B. Overlapped DMA Task Configuration and Data Transaction
The control process of DMA communication includes three steps: setup a task, transfer data, and finish the task. All these steps produce communication overhead in time. The setup of DMA task includes configurations of source memory and its address, target memory and its address, transfer size, bit manipulation, source and target addressing patterns, etc. The setup latency depends on the task size and data width of the host IO interface. DMA data transfer payload decides the overhead time consumed on data movement. The factors that affect this transaction latency include the source and target memory data width and the bus width. DMA controller finishes one transaction by sending interrupt to the host processor or changing the value of its flag register. The host processor has overhead in finishing a DMA task either from responding to DMA interrupt or from iteratively checking the flag register.
To minimize the task setup overhead, we design a DMA controller that supports overlapped task configuration and data transaction. This is achieved by implementing a task memory which can hold multiple pre-configured tasks in DMA controller. The host processor starts a DMA transaction by sending a start signal together with a task ID. Then the DMA controller looks into the task memory using the provided ID for the current task and starts executing the data transaction immediately. The task configuration can be done during a previous DMA data transaction as shown in Figure 5 . DMA auto-initialization is implemented to reduce the host processing overhead on finishing a DMA task and triggering the next one. The auto-initialization of next task is configured by setting the corresponding parameters in DMA task configuration, which includes the auto-initialization enable flag and the next task ID. It is configurable to choose whether or not to send an interrupt when DMA finish. Also the task self-update of some parameters, for instance the source/target base-address and source/target ports, are supported. As shown in Figure 6 , with DMA auto-initialization, the next data transaction starts immediately after the current one finishes. 
D. Data Broadcasting
DMA broadcasting is used when same data are required to be transferred to multiple destinations for computing on different processors. We design to support data broadcasting in ePUMA platform to save redundant data transactions so as to reduce communication overhead. The source memory for broadcasting can be the off-chip main memory or any one SIMD local VM. The data block is transferred to the selected SIMDs in a broadcast way by issuing one DMA task. Figure  7 illustrates the overhead saving by a DMA broadcasting to four destination memories. Matrix-matrix multiplication is the kernel of many mathematical algorithms. Complex value matrix multiplication is widely used in baseband processing in wireless communication and radar systems. Hence a fast matrix-matrix multiply benefits these applications that require real-time processing performance. In this section we present a parallel implementation of matrix multiplication of two 64×64 complex matrices on ePUMA platform, using all eight SIMD coprocessors. The goal of ePUMA architecture design is to maximally reduce control and communication overhead for parallel processing. The main difficulty with this large matrix multiplication implementation is the data access latency. The following two subsections describe the parallel task distribution and scheduling. In the next section, we analyze the effectiveness of ePUMA architectural support on reducing parallel processing overheads.

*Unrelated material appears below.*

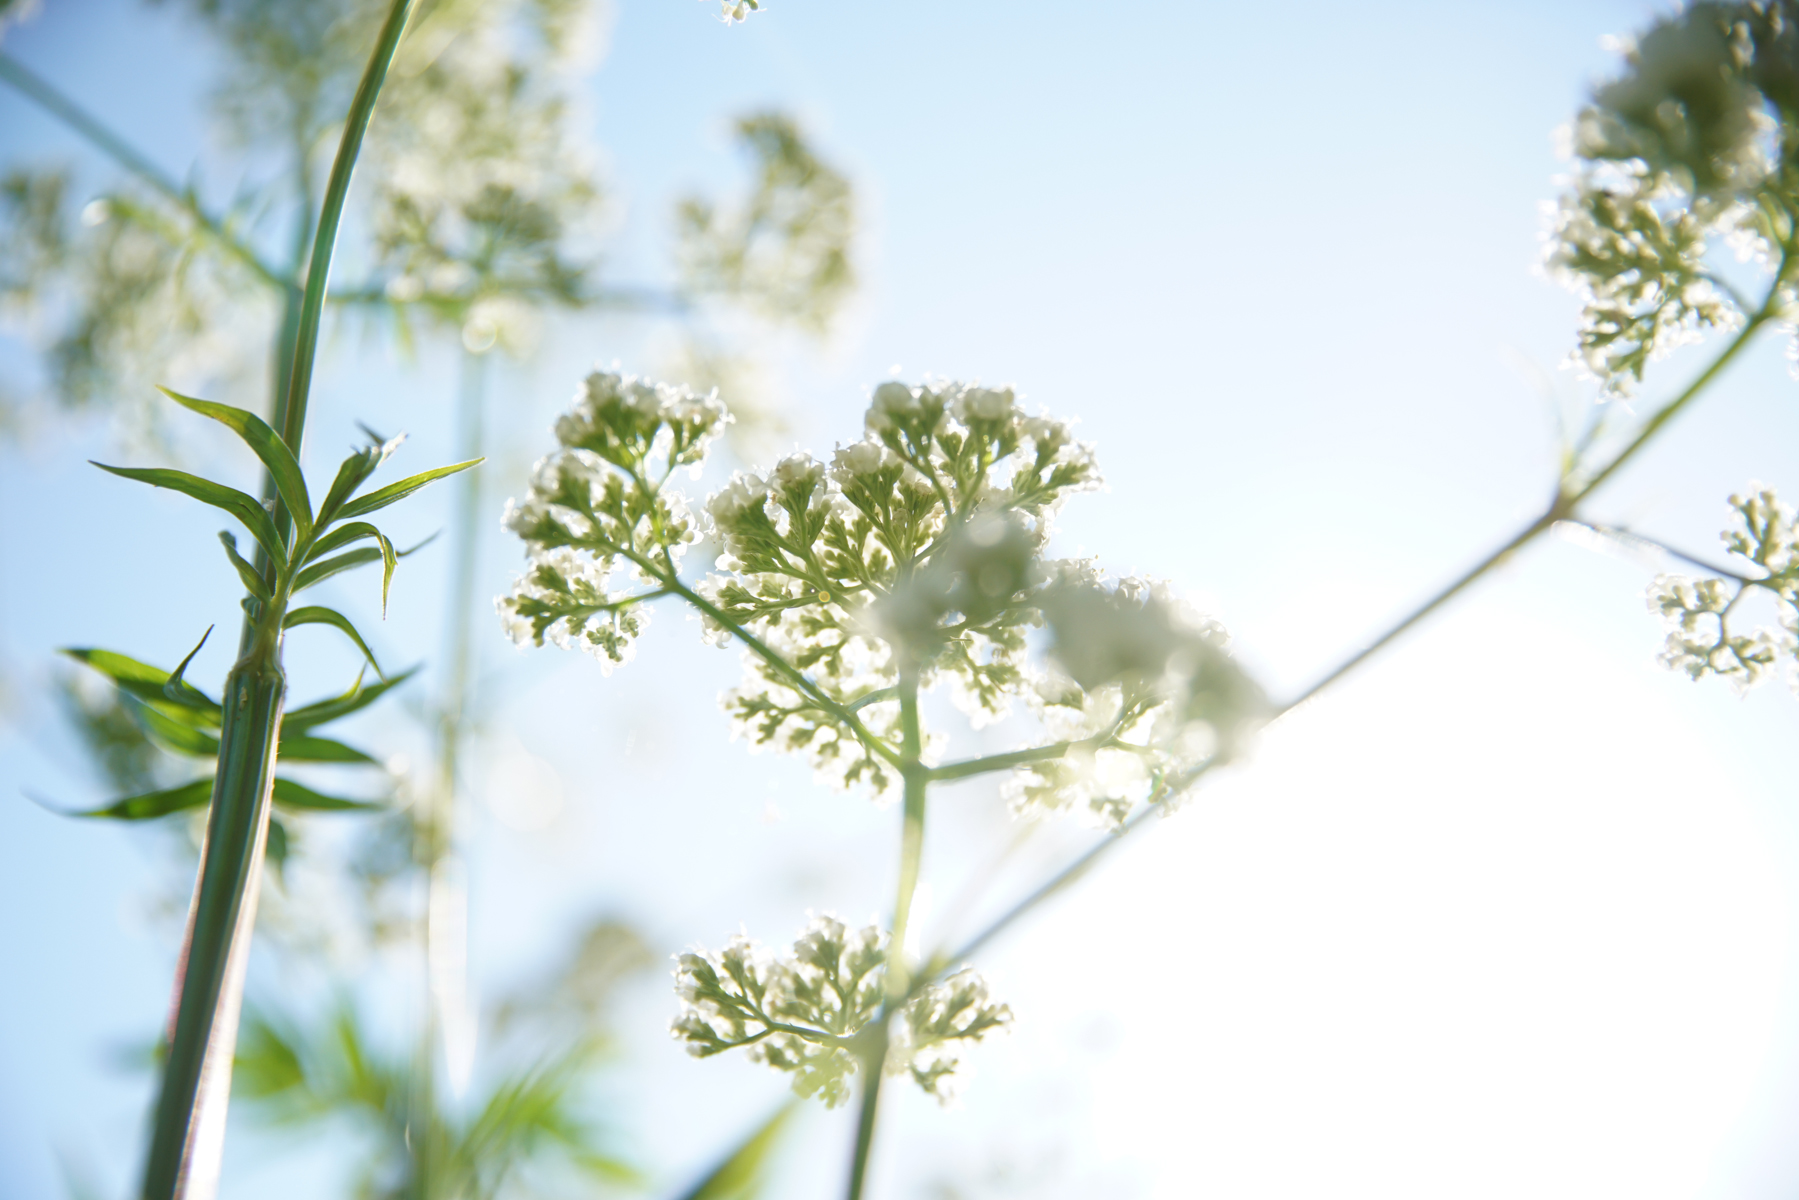 heartsong herbs_milky oats-2018051109977.jpg

A. Task Distribution on Multiprocessors
The 64×64 complex matrix multiplication is implemented on ePUMA platform using eight SIMD processors. The computing task is divided equally and assigned to eight SIMD processors, as shown in Figure 8 . Each SIMD processor works on a subset of result matrix C, an 8×64 row block. The input data used by each SIMD processor for computing includes a row block of matrix A and the full matrix B. Since there is no data dependency between SIMD processors, they can run in parallel.
B. Task Scheduling
The host processor executes the top level program for coprocessor configuration, program loading, data communication, and execution control. The pseudo-code in Figure 9 shows the task scheduling of parallel matrix multiplication on ePUMA multiprocessor. It consists of three parts: the prolog part, the kernel iterations, and the epilog part. Each SIMD kernel computes one 8×4 result block in C, using SIMD instruction for complex vector-vector multiplication and It can be seen from the pseudo-code that the software also programs the DMA tasks for data transactions. To minimize the memory access latency, we use DMA broadcasting to reduce redundant data transactions and ping-pong buffering to hide data communications behind kernel computing. Other architecture supports are not shown in the pseudo-code, but they are applied in implementation, for example, the loop of DMA tasks in the prolog uses auto-initialization to save DMA task switching time.
VI. EXPERIMENTAL RESULTS
We have built a cycle true and pipeline accurate ePUMA simulator using C++ and python wrapper. The simulator implements all the architecture features introduced in this paper that reduce parallel processing overhead. The simulator assumes that the off-chip memory access has a throughput of 128-bit per cycle. The host processor is programmed in C with extension functions and inline assembly. The SIMD kernel program is developed in assembly to get the best data processing performance. The 64×64 complex matrix multiplication is implemented in the simulator with applying the architecture supports step by step, as shown in Figure 10 . The kernel computing time, 8544 cycles, is the same for all the test cases as listed in Table I . It equals to the time of running one SIMD kernel for 16 iterations; each kernel execution takes 534 cycles. The table also lists the overhead in cycle counts and percentage, from which we can see that ePUMA architecture design reduces the parallel processing overhead from 369% to 28% for the matrix multiplication example. From the step-by-step optimization, it can be seen that the ping-pong buffer is the most effective approach. The DMA broadcasting also reduces a certain amount of overhead in this example. According to Amdahl's law, a small sequential part of a parallel algorithm has significant impact on the overall performance, so the other approaches are also important for improving parallel performance.
VII. CONCLUSION
The ePUMA project at Linköping University aims at designing a low power and high performance embedded multiprocessor for future media and communication applications. This paper presents the ePUMA architectural support for reducing control and communication overhead in parallel processing. The architecture designs are described in detail including the configurable parallel IO, ping-pong buffering, overlapping DMA configuration with data transaction, DMA auto-initialization, and DMA broadcasting. These architecture designs are evaluated by an implementation of a large matrix multiplication on eight SIMD coprocessors. The evaluation result shows that the ePUMA architectural design effectively reduces the parallel processing overhead for the matrix multiplication example. Several projects in cooperation with other algorithm groups at the university are in progress to implement more computing kernels and applications on the ePUMA platform to further improve the architecture design.